Existing programming for the new Hauser Institute for Civil Society and the expanded Center for Public Leadership to continue

By Madeline R. Conway, Crimson Staff Writer

UPDATED: June 24, 2013, at 1:53 p.m.

The Kennedy School announced this past week that it will merge two of its research centers. Beginning July 1, the Hauser Center for Nonprofit Organizations will be renamed the Hauser Institute for Civil Society and operate within the Center for Public Leadership, bringing together the research and leadership development efforts of the two bodies.

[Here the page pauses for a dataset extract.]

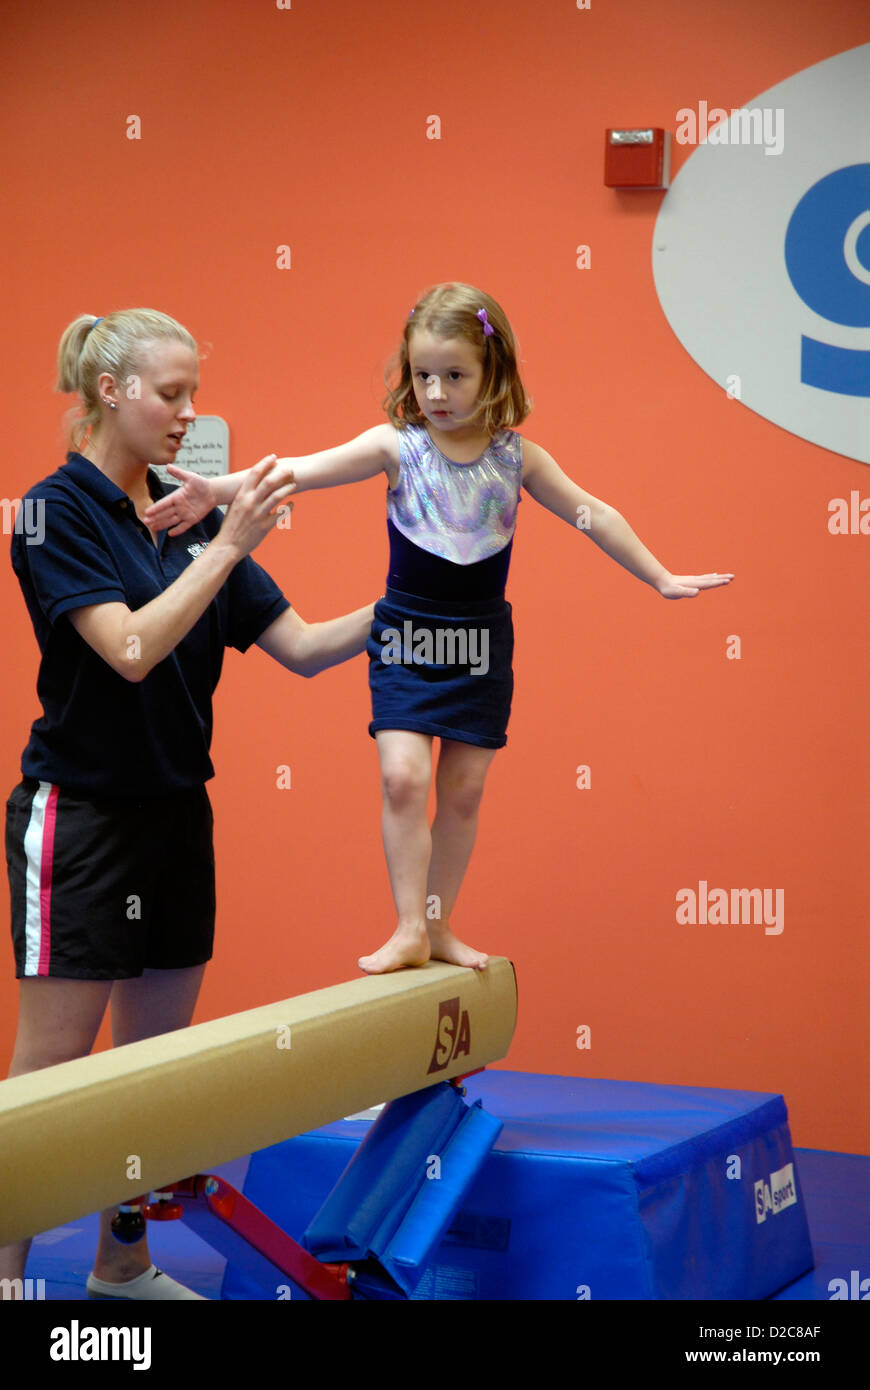 Gymnastics Class. Instructor Holding 4 1/2 Year Old Girl On Balance Beam Stock Photo

“The integration of the Hauser Institute within the Center for Public Leadership will ensure the continuation of successful programs and initiatives focused on leadership, as well as the advancement of scholarship and teaching related to the well-being of citizens and communities,” University President Drew G. Faust said in a press release Wednesday announcing the merger.

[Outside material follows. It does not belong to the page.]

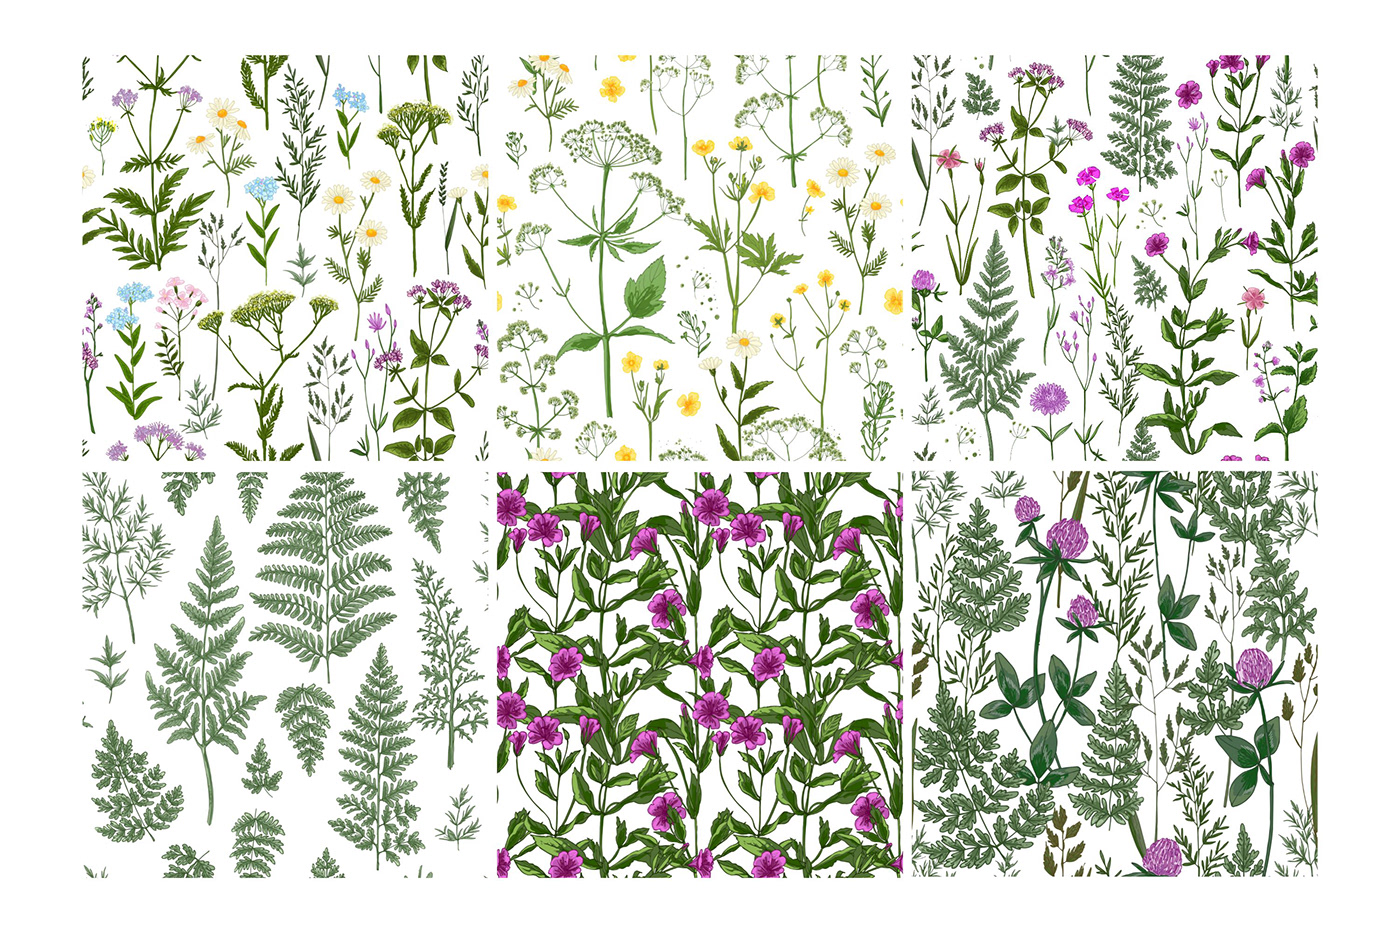 clipart Digital Art  digital illustration Drawing  Flowers Nature png sketch vector wild herbs

Max H. Bazerman and David R. Gergen, co-directors of the Center for Public Leadership, will lead the new combined effort. Current Hauser Center initiatives—such as research and programming for nonprofit leaders—will continue under the merger, and the Center for Public Leadership will also maintain its current leadership development programming. Christine W. Letts, a lecturer at the Kennedy School who is currently acting director of the Hauser Center, will serve as a senior adviser with a focus on integrating Hauser into the Center for Public Leadership.

In a phone interview, Gergen said the hope is that the merger “will advance the goals of not only the Kennedy School, but of the University itself,” calling the move “a very constructive marriage of strengths on the part of the two centers.” He noted that the merger will bring together the Hauser Center’s research tradition and the Center for Public Leadership’s focus on students.

Gergen added that, going forward, the expanded Center hopes to “engage more undergraduates” and would like to explore opportunities for students to participate in activities such as research to make the Center and the Kennedy School a welcome place for undergraduates.

Gergen said that the merger may face some logistical challenges. Because the two centers’ offices are housed in separate buildings at the Kennedy School, there are plans to bring faculty members together with a summer retreat for the two sets of staff members. A second retreat may be held in the fall.

"We're going to need to build personal ties to transcend the geographic separation," Gergen said.